UT Arlington College of Engineering
UT Arlington

Stefan Romanoschi, P.E. – High On-the-road Performance

 

As public awareness of the deteriorating condition of America’s highways and bridges grows, more attention is being paid to methods to restore or replace existing infrastructure. One of those most concerned with pavements for highways, roads and airfields is Civil Engineering Associate Professor Stefan Romanoschi.

Dr. Romanoschi came to UT Arlington in the fall of 2007 after being an associate professor at Kansas State University. He holds a B.S. in Civil Engineering from the Gheorghe Asachi Technical University in Iassy, Romania, and master’s degrees in civil engineering and applied statistics and a Ph.D., all from Louisiana State University.

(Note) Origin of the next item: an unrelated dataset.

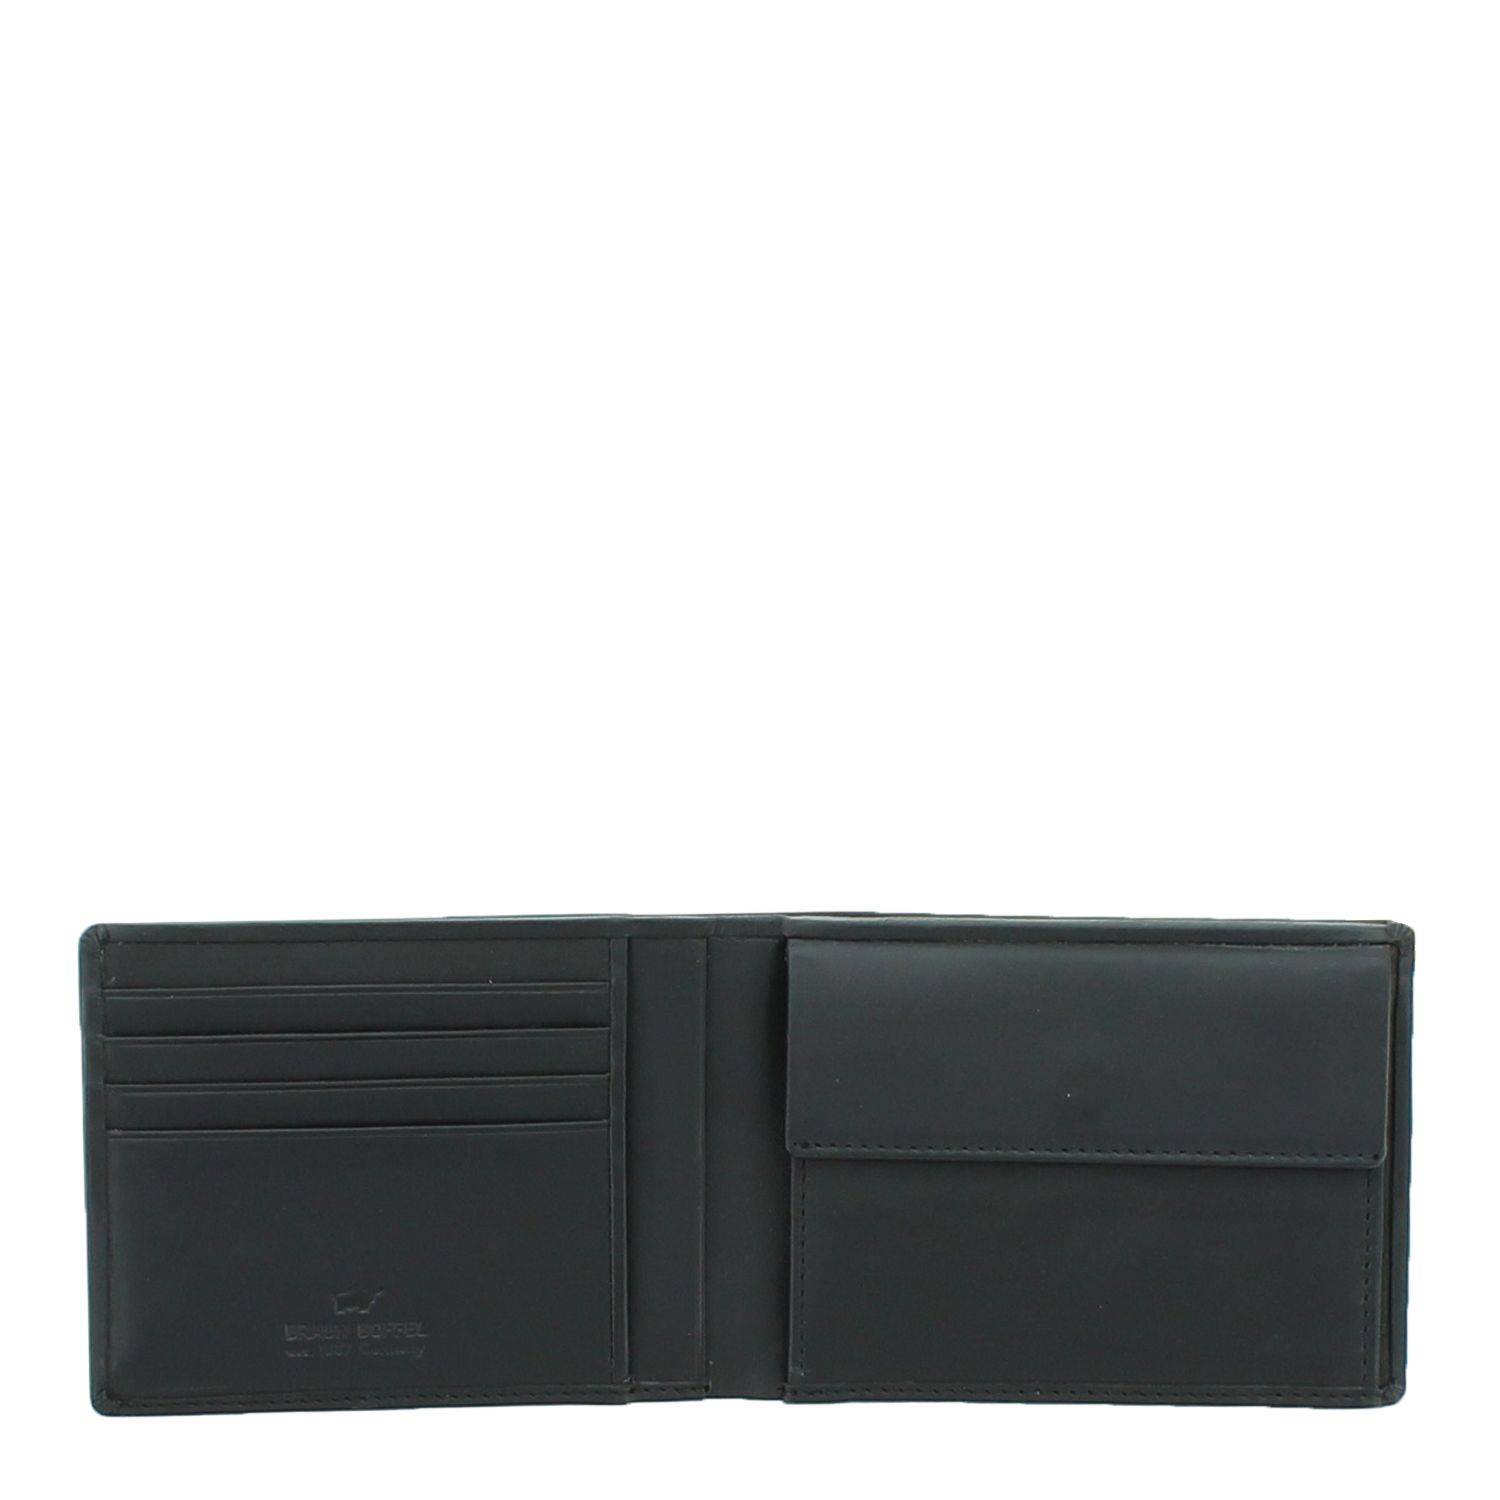 Сумка Braun Buffel LUZERN Q Wallet 14032, цвет черный, размер ONE SIZE - фото 2

Dr. Romanoschi’s specialty is pavement structures and the materials beneath them. This includes soil stabilization, pavement design, pavement materials characterization and pavement management systems. He has extensive experience in these areas, gained during research while earning his degrees at LSU, teaching at Kansas State University and being a consultant for the Kansas Department of Transportation, the New York State Department of Transportation and the Federal Highway Administration. Dr. Romanoschi has been the principal investigator on projects valued at more than $2,000,000.

Several of his articles have been published in the Transportation Research Board’s journal, Transportation Research Record, and in the proceedings of several international conferences on pavement related topics. Dr. Romanoschi is a member of the American Society of Civil Engineers’ Highway Pavements Committee and of the Transportation Research Board’s Full-scale and Accelerated Pavement Testing Committee. He is a licensed Professional Engineer in Louisiana and Texas.
 
One of Dr. Romanoschi’s favorite areas of study is accelerated pavement testing, where sample sections of a proposed roadway design are subjected to intense trials by a special, 80-foot-long machine that moves a typical truck axle set back and forth over the pavement section, sometimes as much as 100,000 times in a week. At this rate, the damage induced by the machine in one month is about the same as that done by real traffic in 10 years or more. The machine is portable, so tests can be performed at different locations and under different temperature conditions.

Dr. Romanoschi designed and outfitted one of these machines while at Kansas State University and used it for several projects, studying different factors. For example, these might include the effects of truck axles using one “super single” tire versus two regular tires; or pavements consisting of various mixtures of aggregates, recyclable materials, binders, stabilizers and catalysts; whether the asphalt is applied as a “hot” mix or a “warm” mix, or the increased incidence of overloaded trucks and trailers. The latter are becoming more important to Texas transportation officials as many overloaded vehicles enter the U.S. from Mexico, where heavier loads are permitted. 

In addition to highway traffic, the machine can be outfitted with aircraft tires to test the effects of airplanes landing on a runway.

There are only a few of these machines in the U.S.; Dr. Romanoschi wants to build one incorporating his improved designs. He is currently locating funding and would like to begin sometime next year. He is also preparing to introduce and teach two new graduate-level pavement design courses in the spring.

And, if these weren’t enough to keep him busy, Dr. Romanoschi is involved in a New York State project to calibrate the national performance models for the design of flexible and rigid pavements to local conditions in New York.